▸ Problem details
Please reproduce the listing in its entirety, exactly as written, but without images.

▸ Collected data
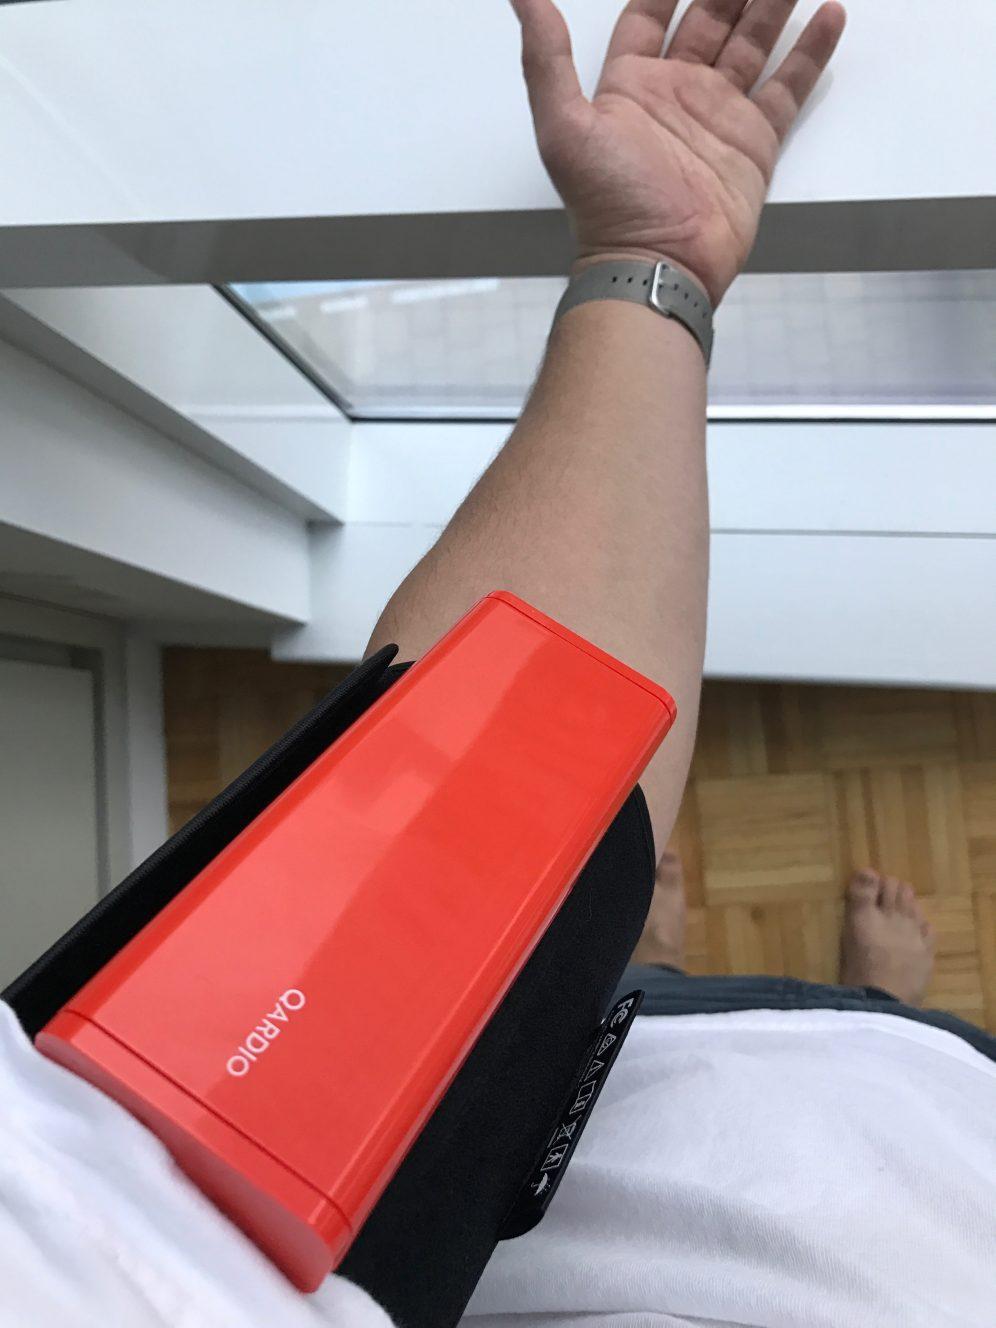 QardioArm on arm
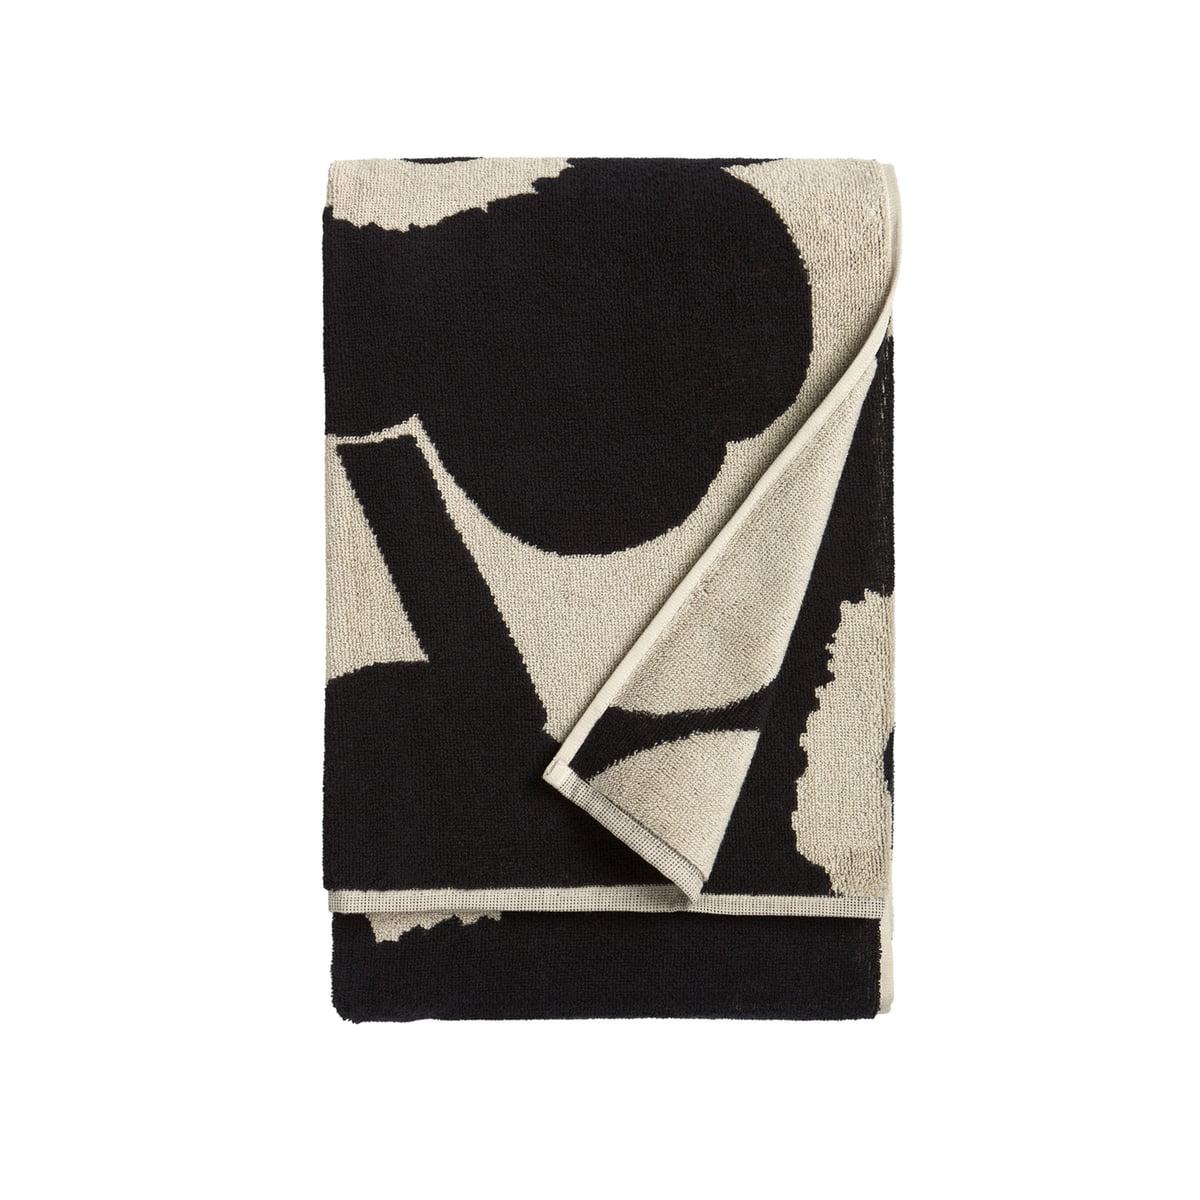 Marimekko - Unikko Badetuch 75 x 150 cm, schwarz   Bad > Handtücher > Badetücher   Schwarz   marimekko
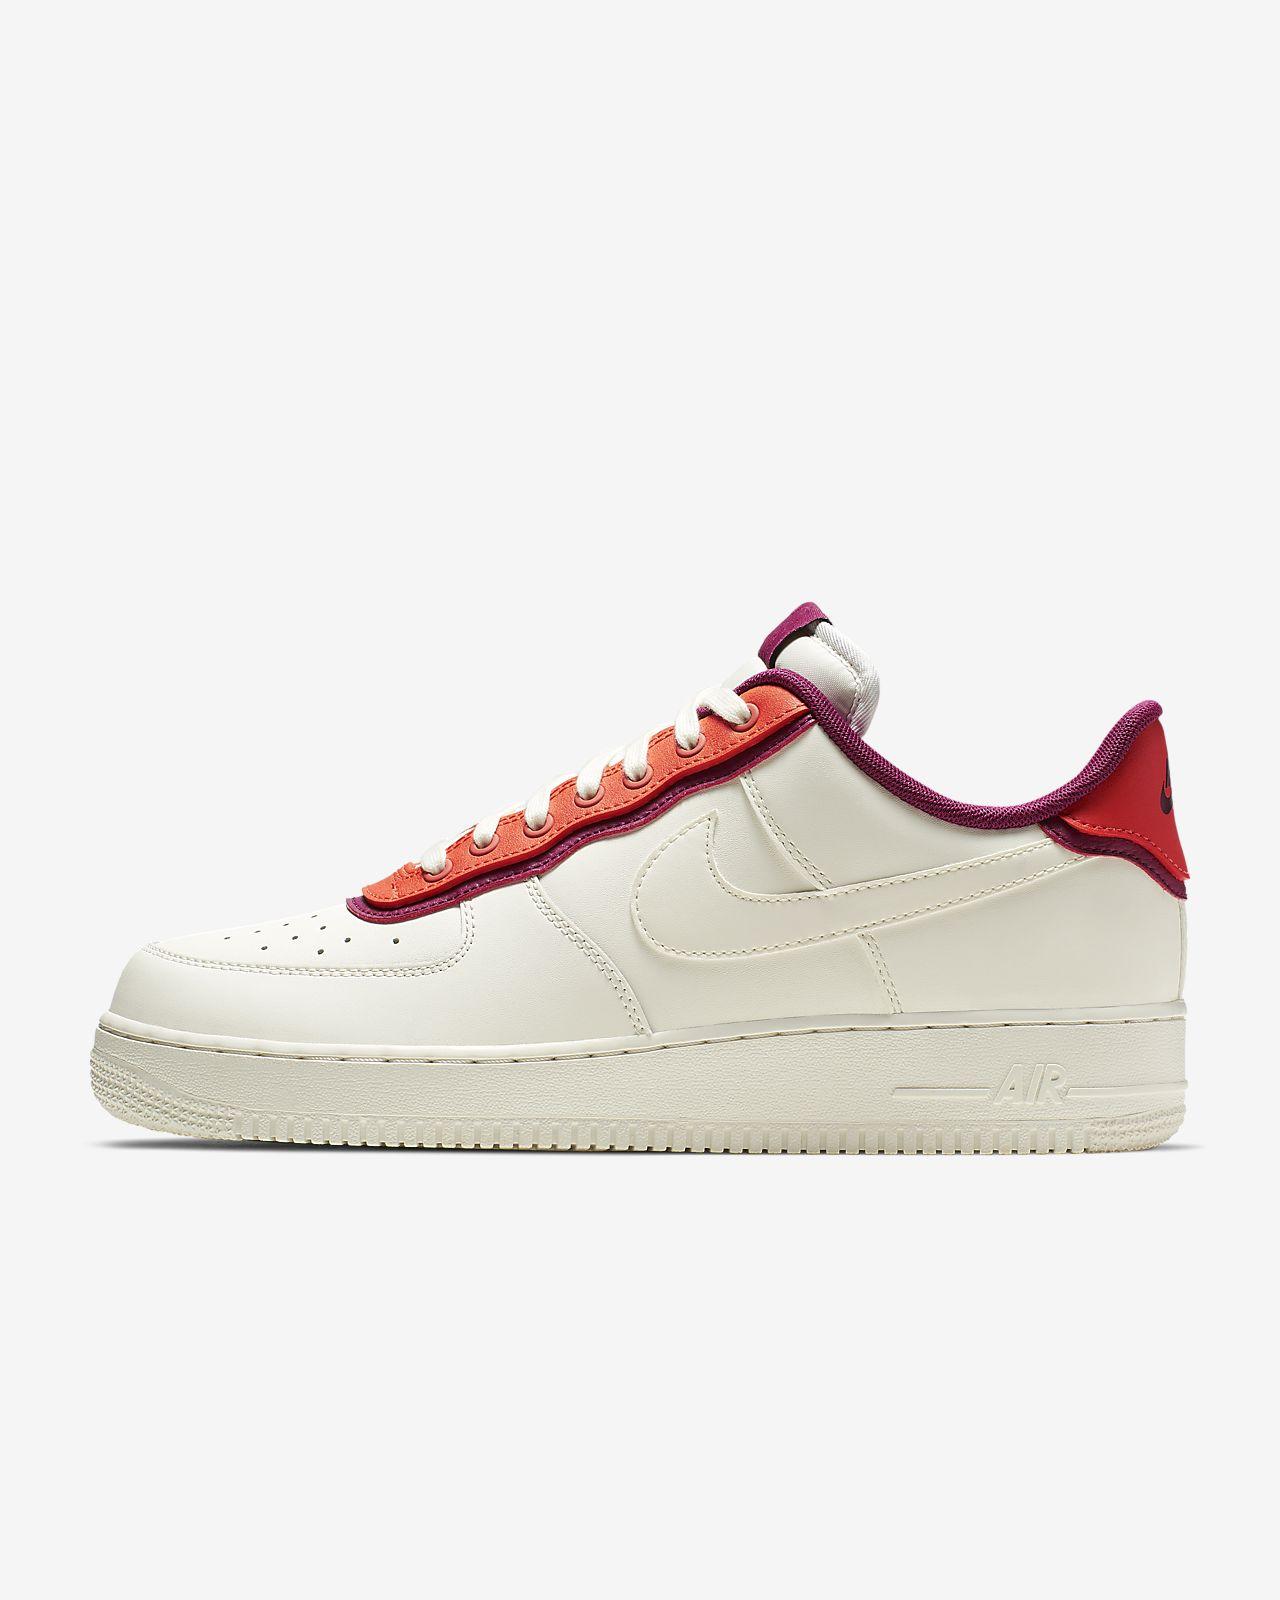 Nike Air Force 1 '07 LV8 1 herresko
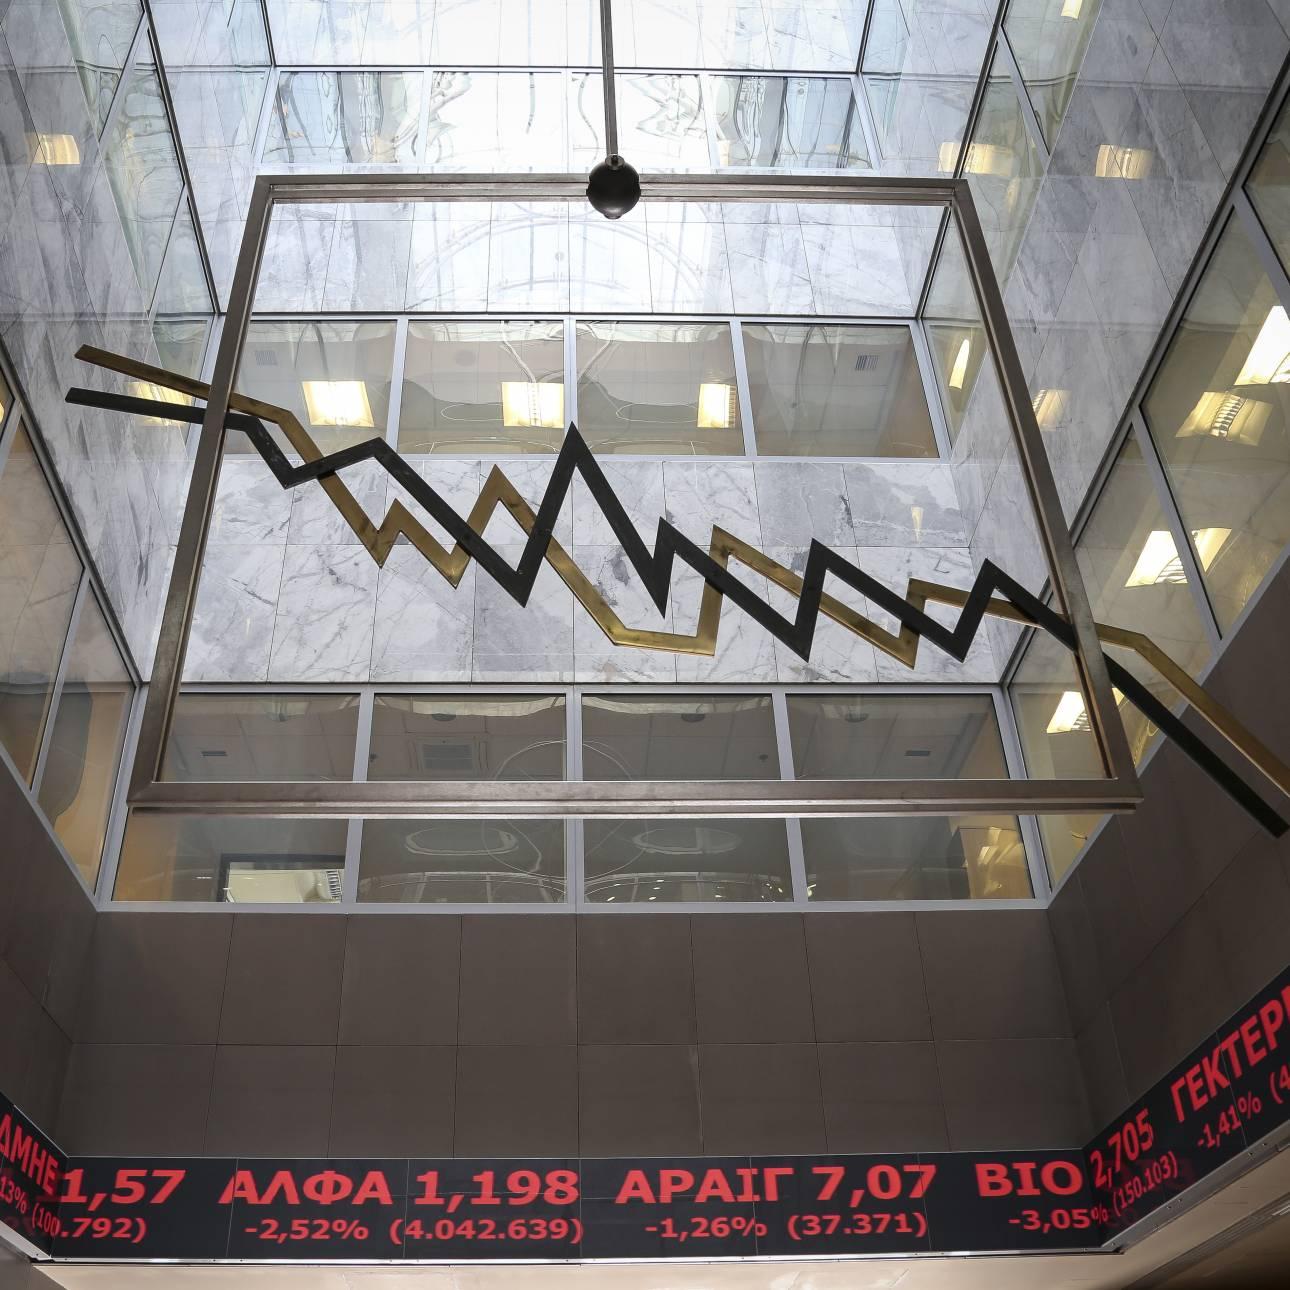 Χρηματιστήριο: Πτωτικά κινήθηκαν σήμερα οι τιμές των μετοχών

▸ Response to this task
 QardioArm on arm
 Marimekko - Unikko Badetuch 75 x 150 cm, schwarz   Bad > Handtücher > Badetücher   Schwarz   marimekko
 Nike Air Force 1 '07 LV8 1 herresko
 Χρηματιστήριο: Πτωτικά κινήθηκαν σήμερα οι τιμές των μετοχών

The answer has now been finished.